BEGIN DATA LISTING

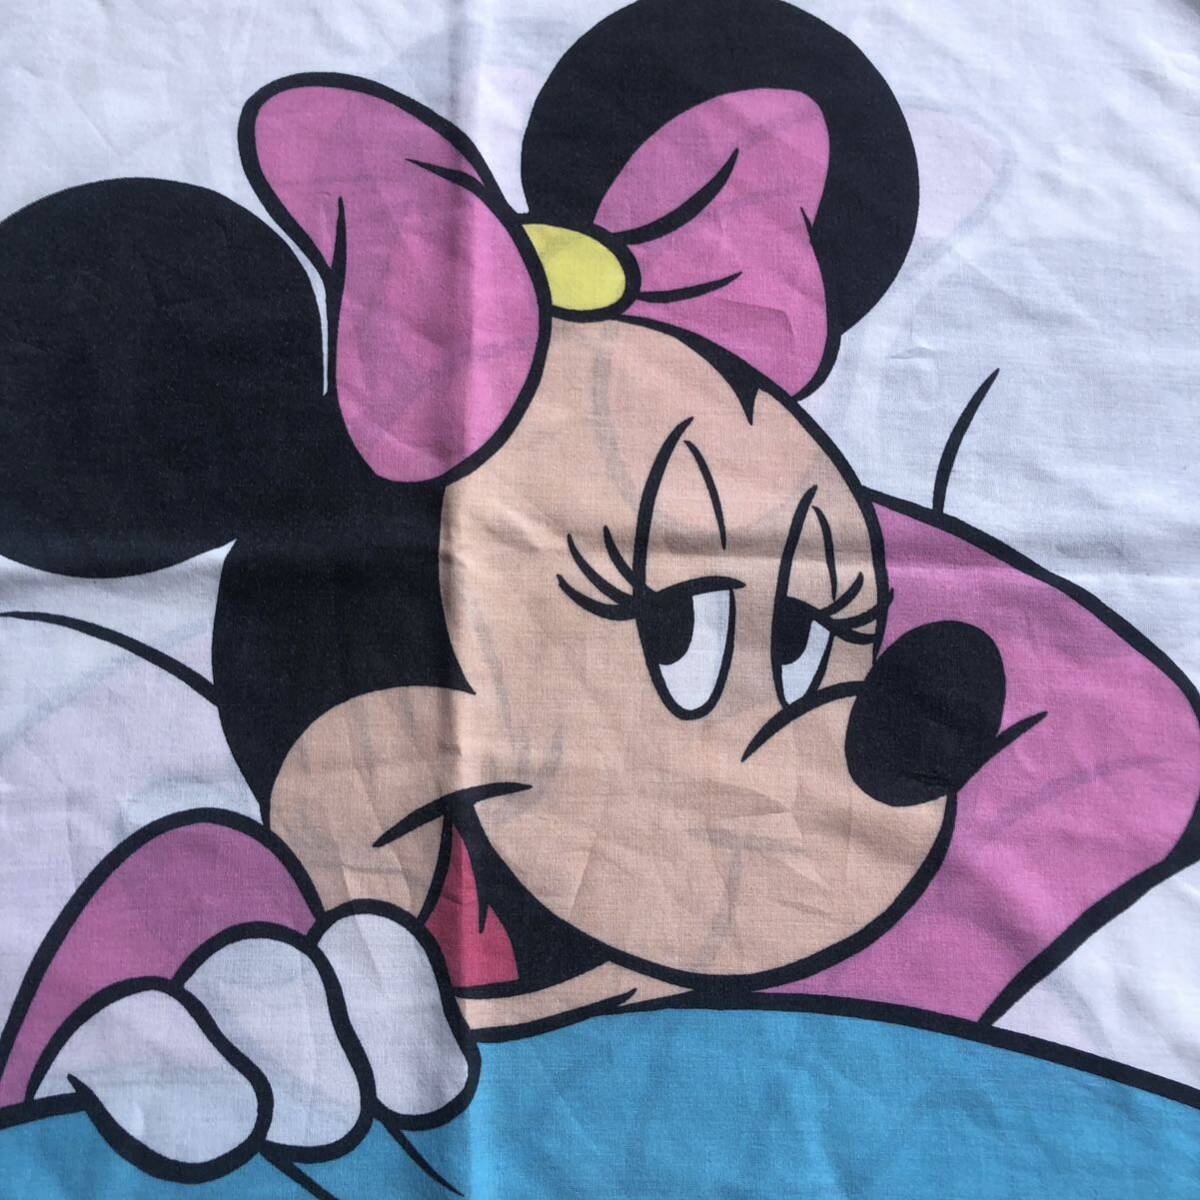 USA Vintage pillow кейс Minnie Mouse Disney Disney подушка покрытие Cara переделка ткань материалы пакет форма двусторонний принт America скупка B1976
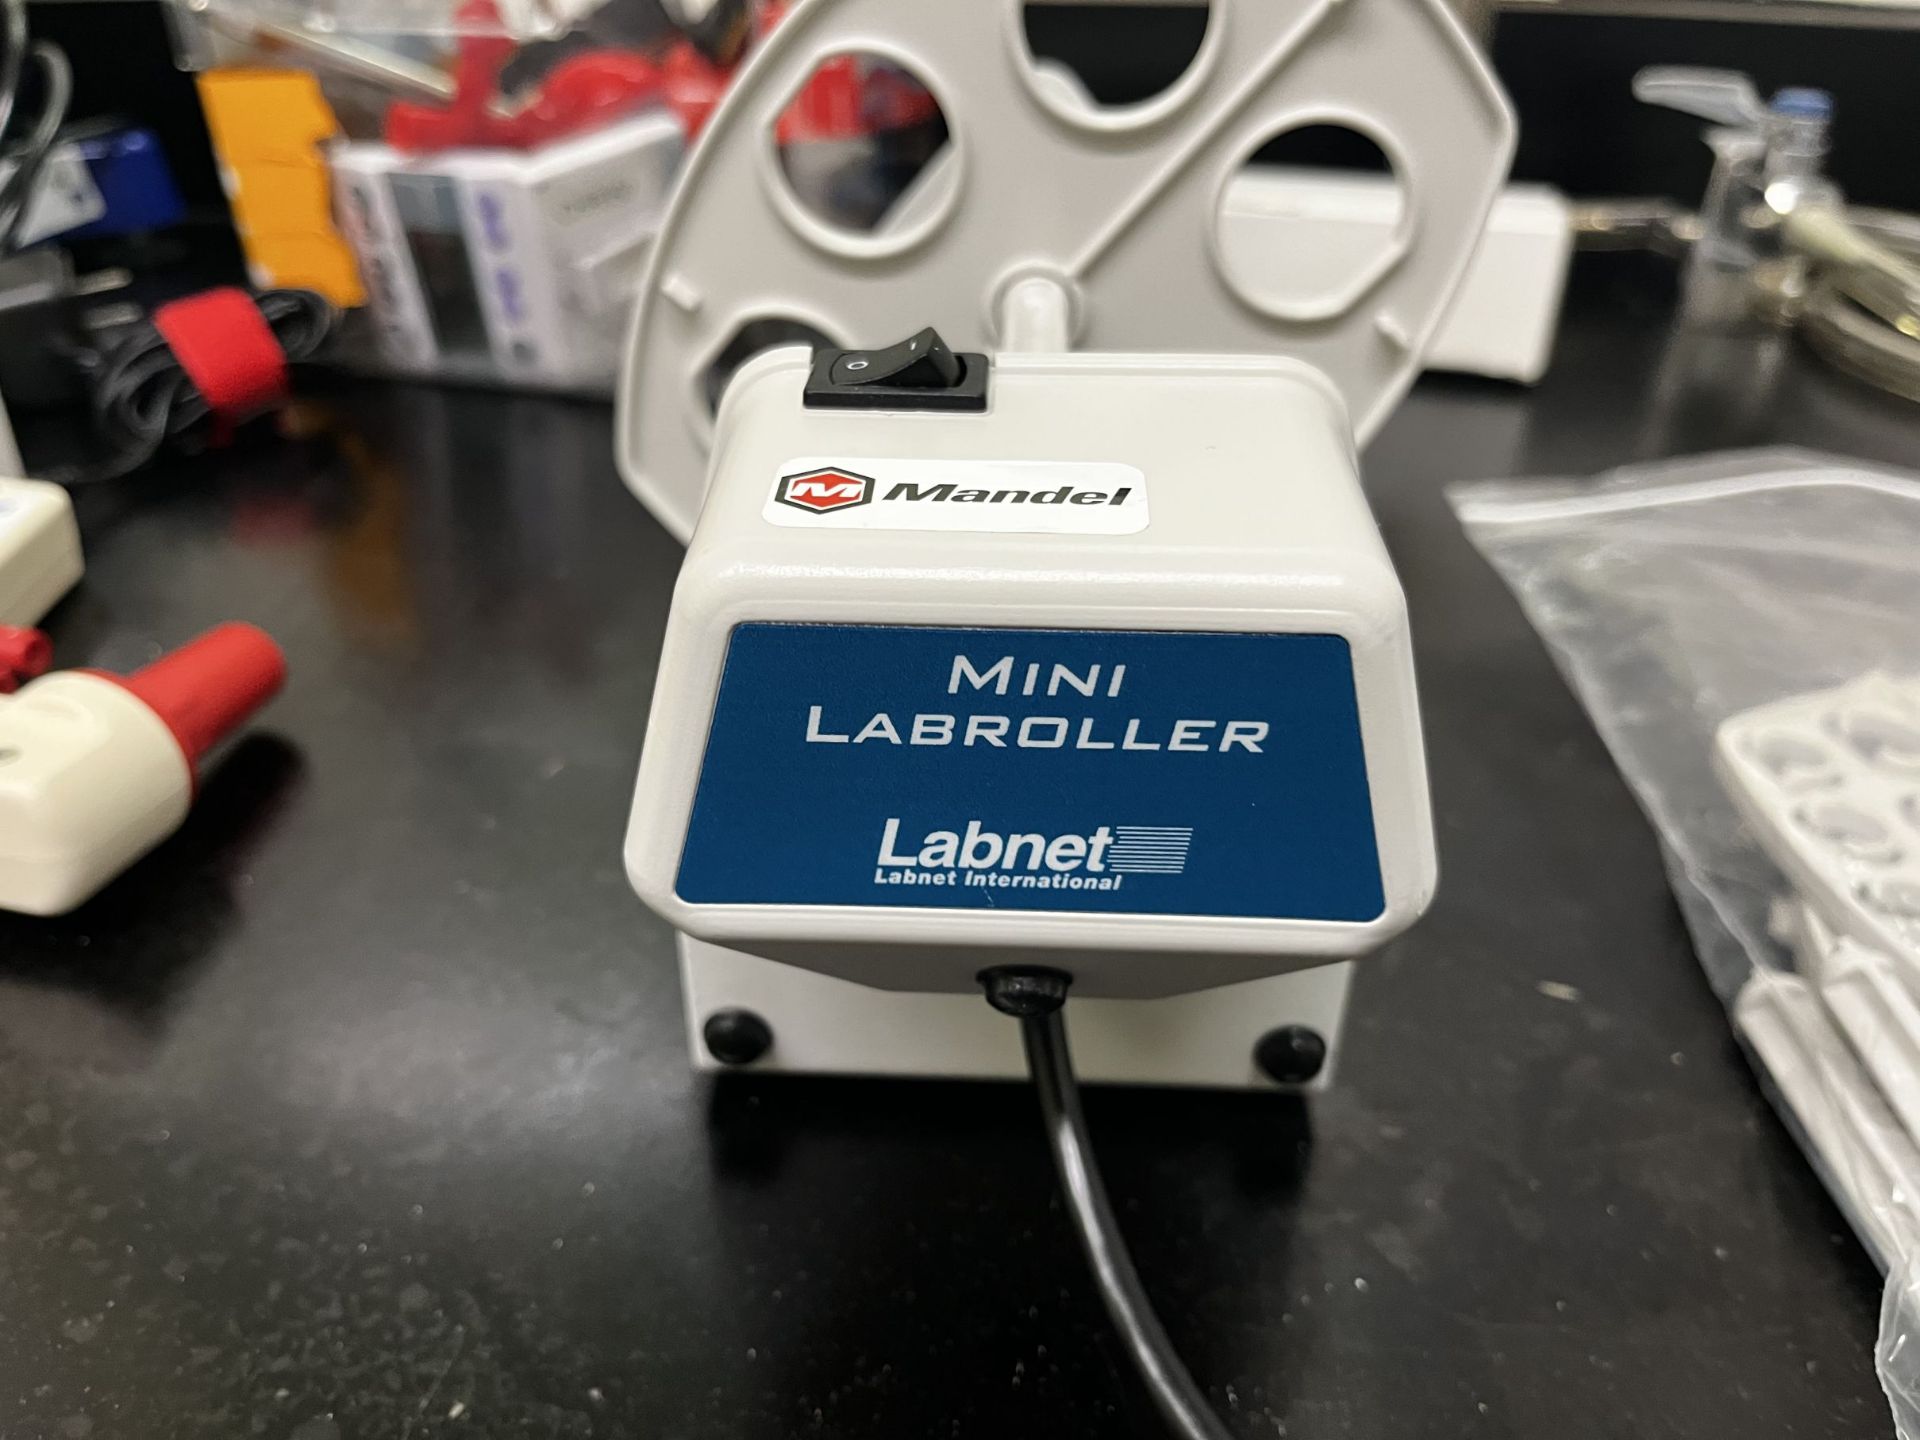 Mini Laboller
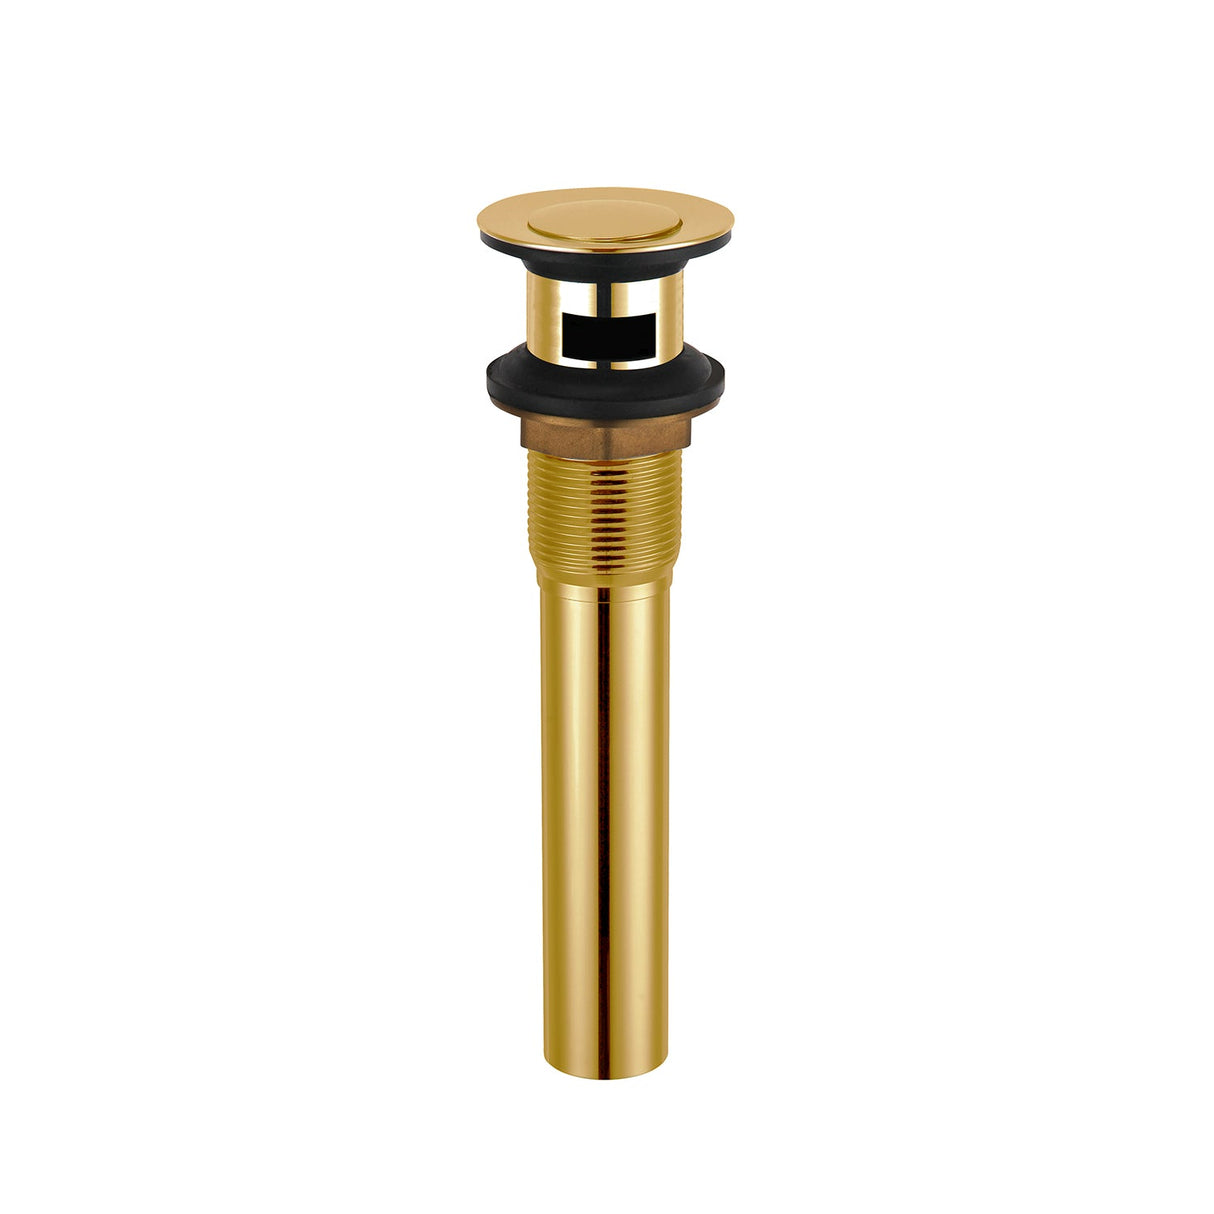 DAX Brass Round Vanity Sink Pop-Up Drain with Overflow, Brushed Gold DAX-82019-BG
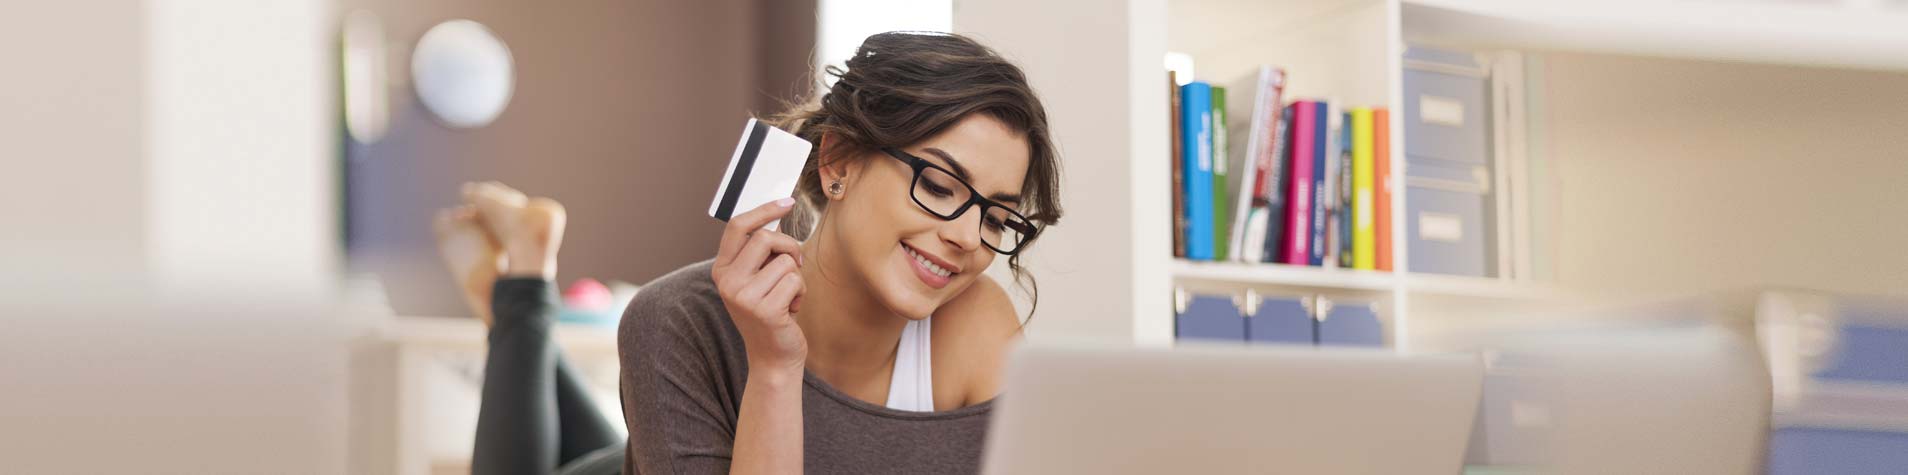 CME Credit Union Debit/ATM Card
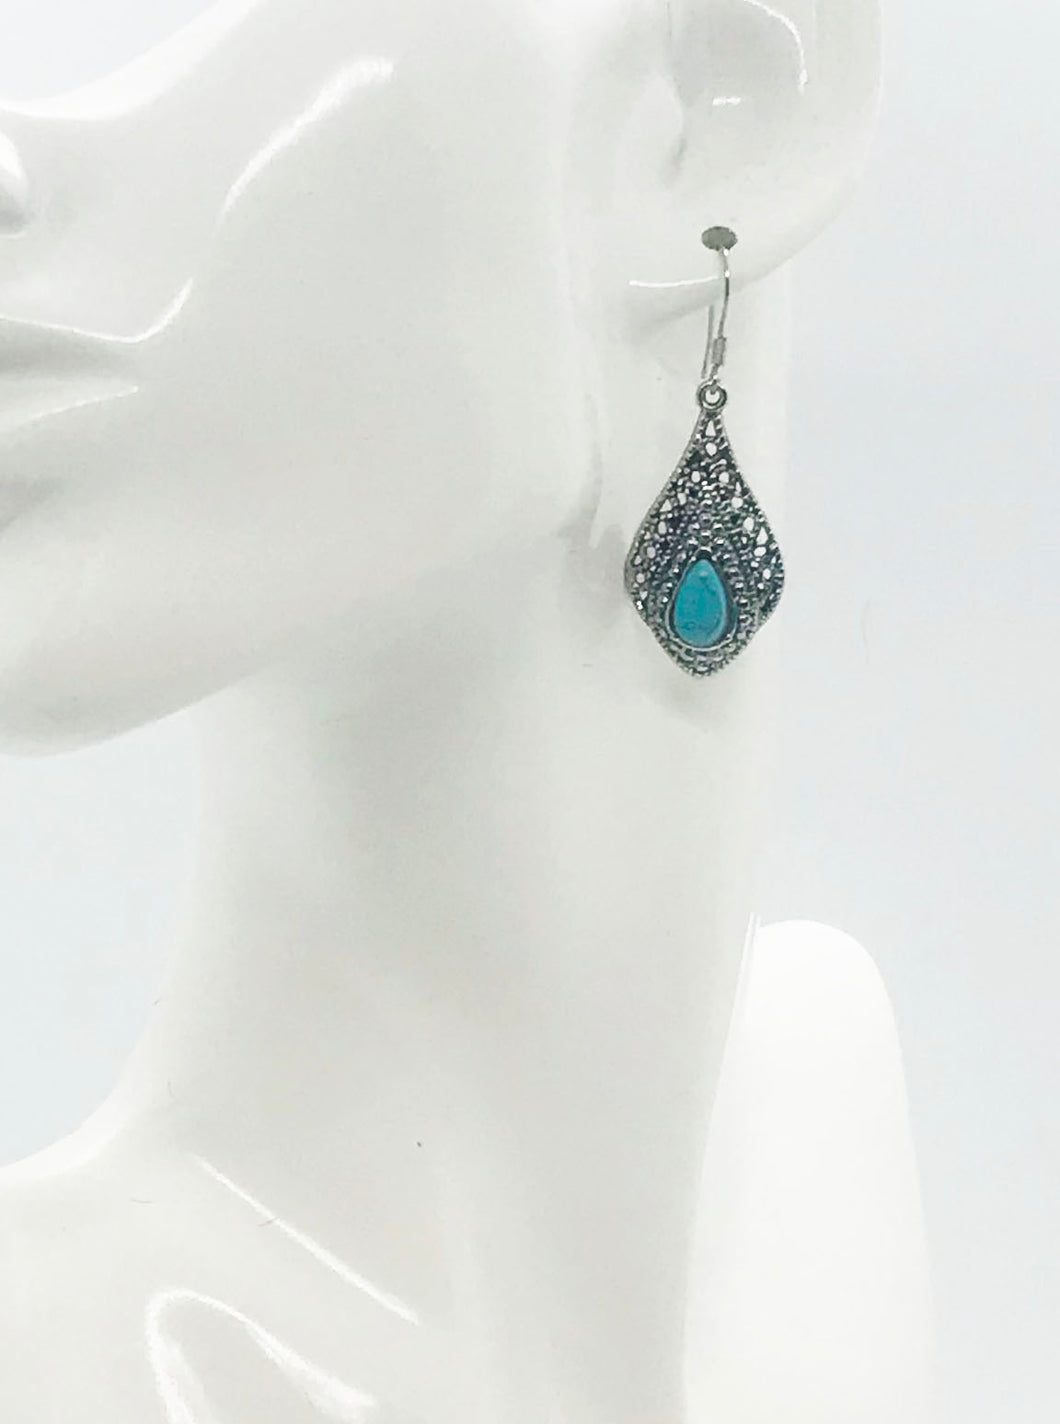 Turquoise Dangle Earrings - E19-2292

END DATA LISTING

=== WHAT THIS TASK INVOLVES ===
Starting at the line that holds "DAX Brass Round", retype every line through the end of the data, both ends included. Pictures stay out of the copy.

=== RESULT ===
 DAX Brass Round Vanity Sink Pop-Up Drain with Overflow, Brushed Gold DAX-82019-BG
 CME Credit Union Debit/ATM Card
 Turquoise Dangle Earrings - E19-2292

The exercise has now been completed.